Дядя Му, наверное, ослышался. По дороге у меня застряла рыбья кость в горле.
Дворецкий тут же рассмеялся: — Ах, старость не радость, слух подводит.
Рыбья кость, конечно, рыбья кость, это старый слуга ослышался... — Его взгляд упал на поразительные пятна крови на одежде госпожи, и он с беспокойством спросил: — А потом?
Рыбью кость удалось вытащить?
Госпожа, вы не поранились?
Ся Сюэ с улыбкой покачала головой.
Хотя она сама не пострадала, кровь на ее одежде наверняка напугает ее матушку.
Поэтому она велела дворецкому сначала пойти доложить, а сама вернулась в свои покои, чтобы переодеться в чистое шэньи.
Это шэньи было сшито по косой, то есть цельный кусок шелка разрезали по диагонали, а полы, обернутые в несколько слоев, свисали с обеих сторон сзади, напоминая ласточкин хвост.
Хотя это была домашняя одежда, ткань была мягкой, и на ней золотой нитью были вышиты узоры летящих облаков.
При каждом шаге оно колыхалось, как золотые волны моря под солнцем, или как золотые колосья риса, качающиеся на ветру.
А свисающий до земли «ласточкин хвост», тянущийся за ней, добавлял еще больше женственности и красоты.

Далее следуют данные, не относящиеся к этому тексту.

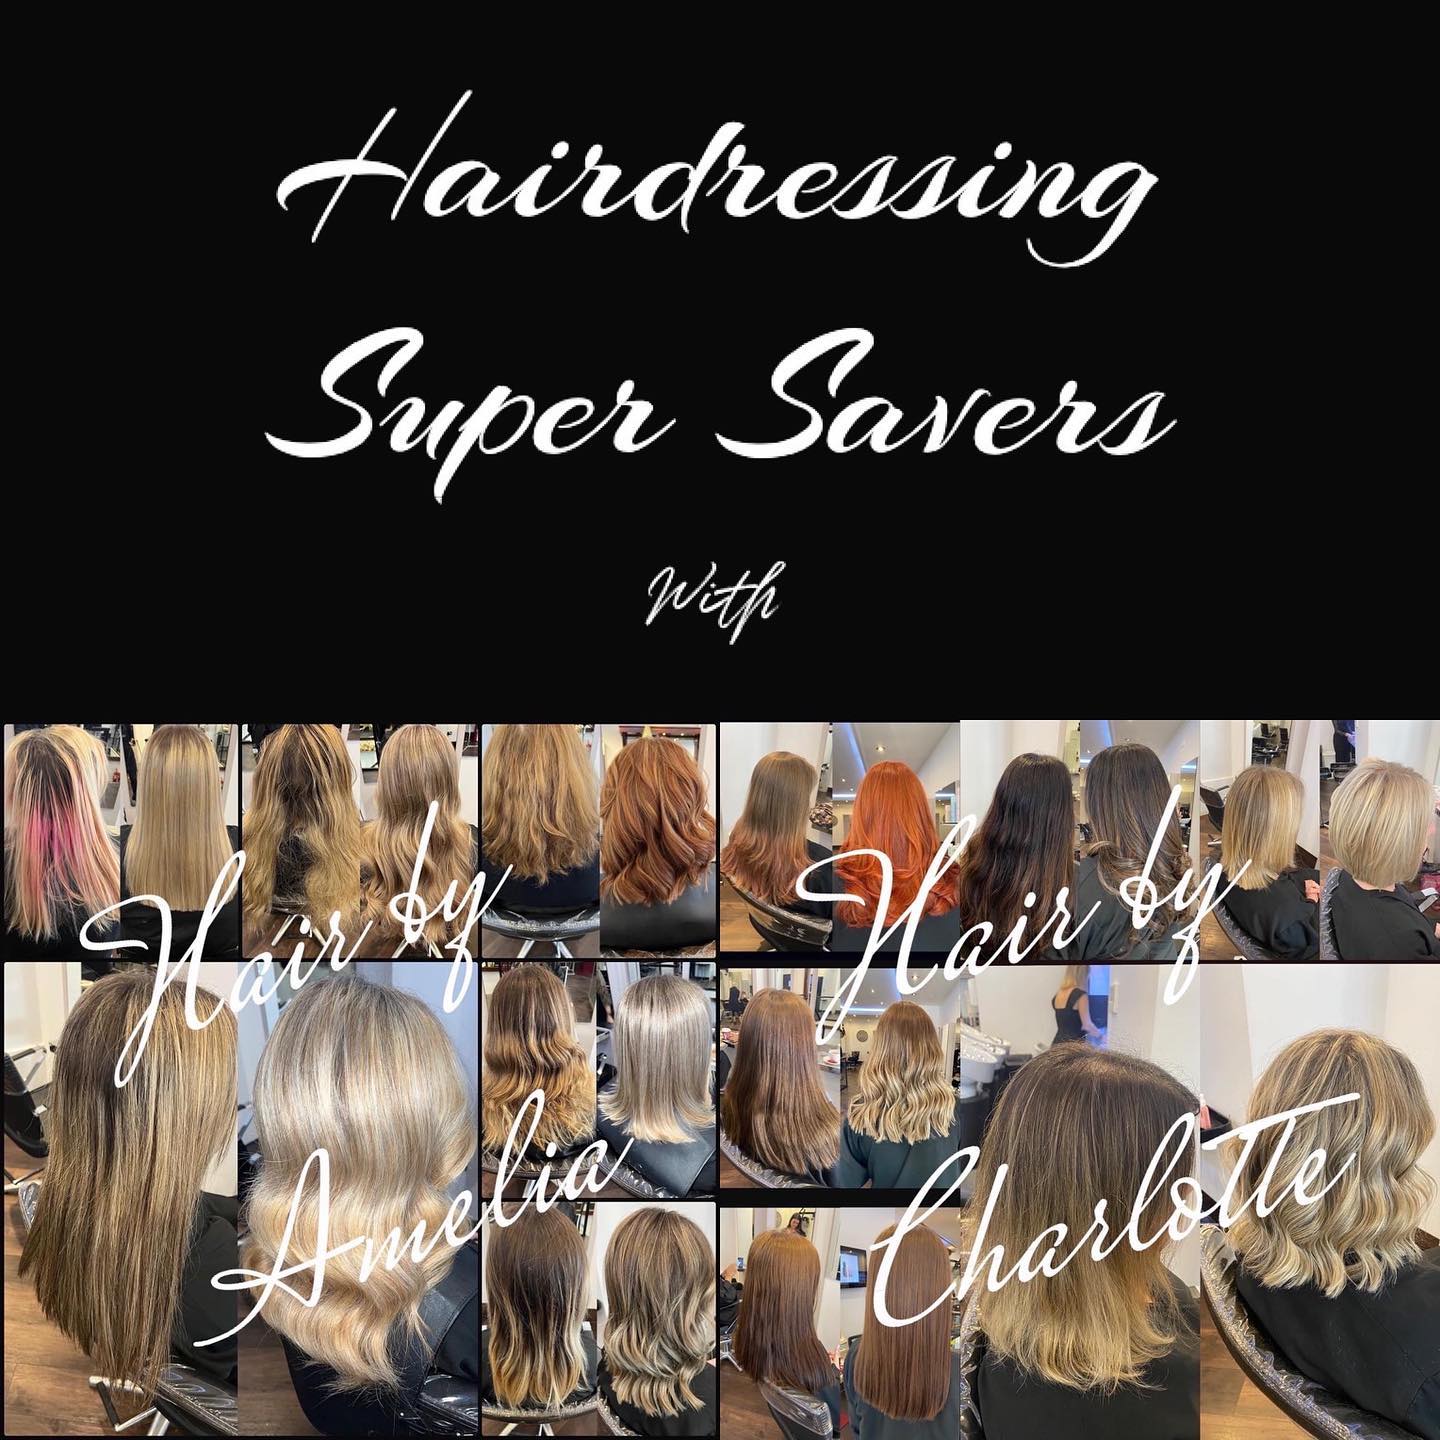 Hairdressing Super Savers Offers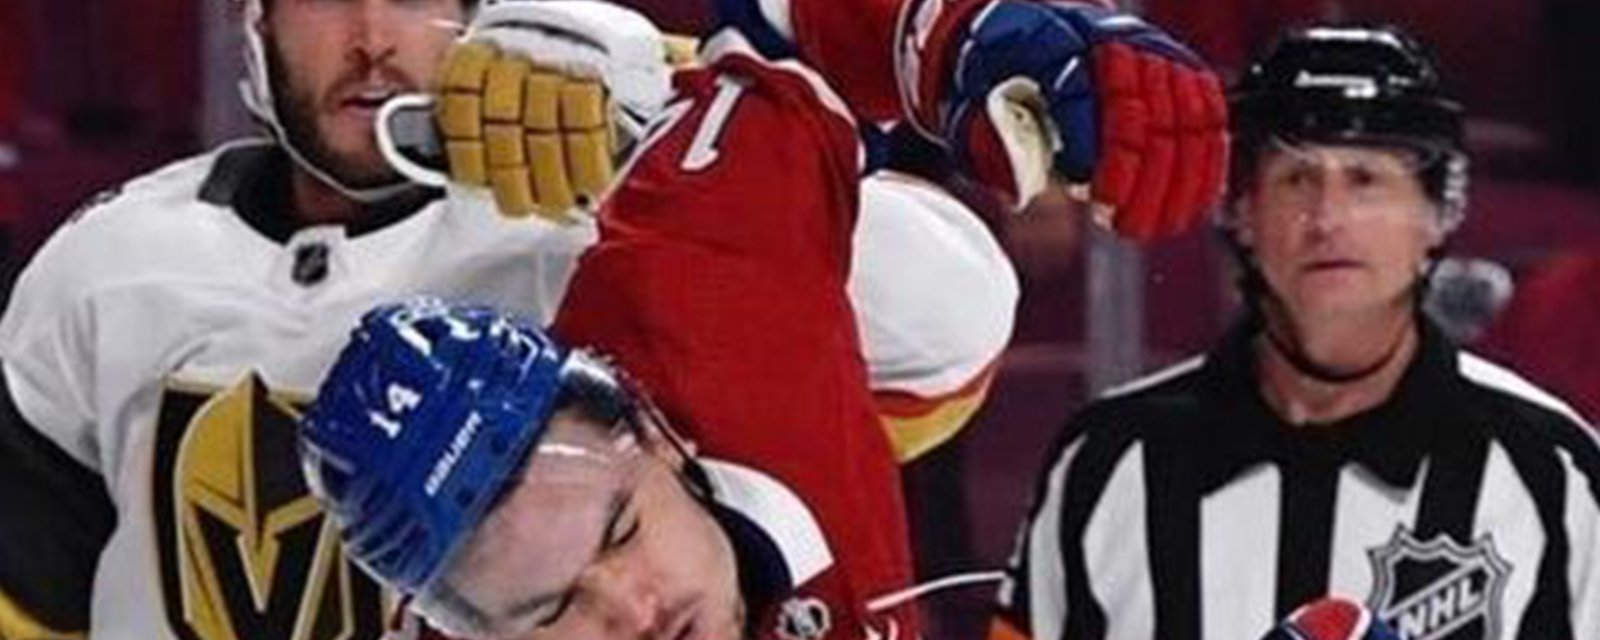 Nearly 30,000 Habs fans sign petition demanding NHL referee Chris Lee be fired

Она осмотрела себя с головы до ног в бронзовом зеркале с инкрустацией золота и серебра и ручкой в виде трех колец, убедившись, что все в порядке, и только тогда, приподняв полы одежды, отправилась в главный дом.
Слуги у дверей были отосланы неизвестно когда, а дверь была приоткрыта, пропуская аромат дулянсяна.
Ся Сюэ сняла обувь, осторожно толкнула резную раздвижную дверь и тихо позвала: — Матушка, А Сюэ вернулась.
Из позолоченной бронзовой курильницы в форме боба вился белый дым, а на нефритовом светильнике с пятью ветвями на стене еще оставался воск от вчерашних свечей.
На хэта лежал человек, подперев голову рукой, и отдыхал с закрытыми глазами.
Ся Сюэ сначала вздрогнула, а затем медленно опустила полы одежды и голову, беззвучно опускаясь на колени.
В этой мертвой тишине она слышала стук собственного сердца и мерное, спокойное дыхание того человека.
Песочные часы отсчитали всего несколько песчинок, но Ся Сюэ казалось, что прошли долгие дни и ночи, мучительные и бесконечные.
Холод от деревянного пола давил на колени, части тела, где кровообращение было нарушено, постепенно застывали, а затем немели...
— Ты вернулась.
Наконец с хэта послышался голос, властный мужской голос. Это была не мать Ся Сюэ, и не ее отец, ушедший на свадьбу Цзайсяна, а...
— Ся Сюэ приветствует Ваше Величество, десять тысяч лет, десять тысяч лет, десять тысяч раз по десять тысяч лет.
Она совершила глубокий поклон, и тревога достигла своего пика.
В этот неподходящий момент в ее доме оказался не кто иной, как верховный Император династии Да Юн, тот властный правитель, который в юности взошел на трон с великими амбициями, тот, кто мог вознести человека до небес или низвергнуть в ад... И он уже давно не был тем «Ма Ци», который в детстве прогуливал уроки и проказничал с друзьями.
После шороха трущейся ткани в поле зрения Ся Сюэ появился край черной мантии с узором питона. Она почувствовала на своей голове прикосновение, тяжелое, как тысяча золотых.
Она снова тяжело прижалась головой к полу, громко восклицая «Десять тысяч лет».
Но мантия резко взмахнула рукавом, и он тут же повернулся и снова лег на хэта, внушительный без гнева: — Теперь мои слова становятся все менее действенными, Ся Сюэ, ты знаешь свою вину?
Ся Сюэ снова поклонилась, смиренно отвечая: — Знаю вину.
— Сама скажи, в чем твоя вина.
Ся Сюэ прикусила губу: — Нарушила этикет перед Императором.
Император Да Юн, опираясь на хэта, вдруг рассмеялся, указывая на сердце: — Нарушила этикет? Ты не просто нарушила этикет?
Ты ранила мое сердце, удар за ударом.
Сказав это, он как ни в чем не бывало похлопал по месту рядом с собой: — Ладно, посиди со мной, этим неудачником, немного.
Только тогда Ся Сюэ медленно подняла голову. Император по-прежнему был властным, с врожденным величием. Стоило ему нахмуриться, как весь мир тревожился.
Небесная власть, но и небесная беспомощность.
Он не может ошибаться, не должен ошибаться, потому что одна ошибка может стать непоправимой катастрофой.
Но именно он совершил самую большую ошибку.
Он сказал, что ранил сердце, сказал, что он неудачник.
Но он всегда умел переворачивать черное в белое.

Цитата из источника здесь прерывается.